Maya Ying Lin was born in 1959 in Athens, Ohio, a
manufacturing and agricultural town 75 miles southeast of
Columbus. Athens is also the home of Ohio University, where
both Lin's mother, a poet, and her late father, a ceramicist,
taught. The couple fled China just before the Communist
Revolution of 1949, leaving behind a prominent family which
had included a well-known lawyer and, perhaps significantly,
an architect. Lin's family in America includes her mother and
an older brother, Tan, who, like his mother, is a poet.
During her childhood Maya Lin found it easy to keep herself
entertained, whether by reading or by building miniature
towns. From an early age she excelled in mathematics, which
led her toward a career in architecture. While in high school
Lin took college level courses and worked at McDonalds. She
considered herself a typical mid-westerner in that she grew up
with little sense of ethnic identity, but admits to having
been somewhat "nerdy," since she didn't date or wear make-up
and found it enjoyable to be constantly thinking and solving
problems.
After graduating from high school, Lin enrolled at Yale to
study architecture. Her best-known work, the design for the
Vietnam Veterans' Memorial in Washington, D.C., grew out of a
class project during her senior year at Yale. In 1981 her
entry was chosen out of a field of 1,421 unlabelled
submissions in a design competition which was open to all
Americans, not just professional architects. Lin was just 21
years old at the time and admits she worried that her
professional life had peaked before it had properly started.
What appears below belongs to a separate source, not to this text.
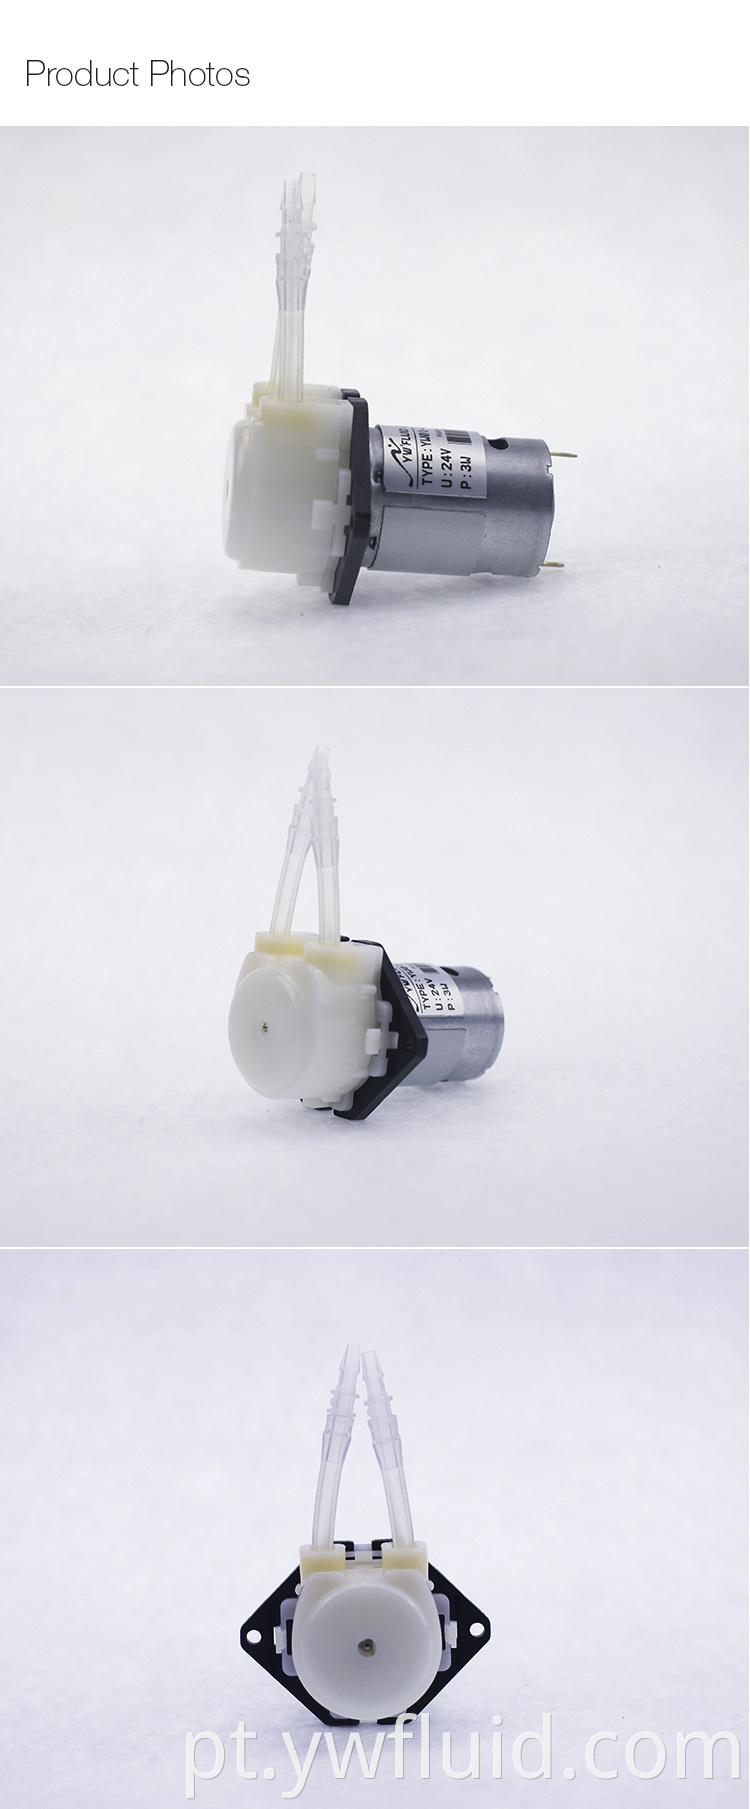 YWfluid Mini bomba d'água 24 V elétrica de baixa pressão de alta qualidade

Lin's design, in keeping with the competition criteria of
sensitivity to the nearby Lincoln Memorial and Washington
Monument, the inclusion of the names of all the dead and
missing of the war, and the avoidance of political statements
about the war, was simple. She proposed two 200-foot-long
polished black granite walls, which plunged ten feet below
grade to meet at an obtuse angle of 130 degrees. The two arms
were to point to the Lincoln Memorial and Washington Monument
and to be inscribed with the names of the approximately 58,000
men and women killed or missing in Vietnam. These names were
to be listed chronologically, according to the dates killed or
reported missing, instead of alphabetically, so they would
read, in Lin's words, "like an epic Greek poem." The memorial
was dedicated in November of 1982.
The story of the politics surrounding the choice of Lin's
design reads like an epic in itself. For the jury, the choice
of her proposal was unanimous. Jury chairman Grady Clay
described it as "an eloquent place where the simple setting of
earth, sky, and remembered names contains messages" for
everyone who will visit. The proposal was generally accepted
by veterans, but early on a small but vocal minority of
veterans and others appeared who attacked the design as "a
tribute to Jane Fonda," a "wailing wall for draft dodgers,"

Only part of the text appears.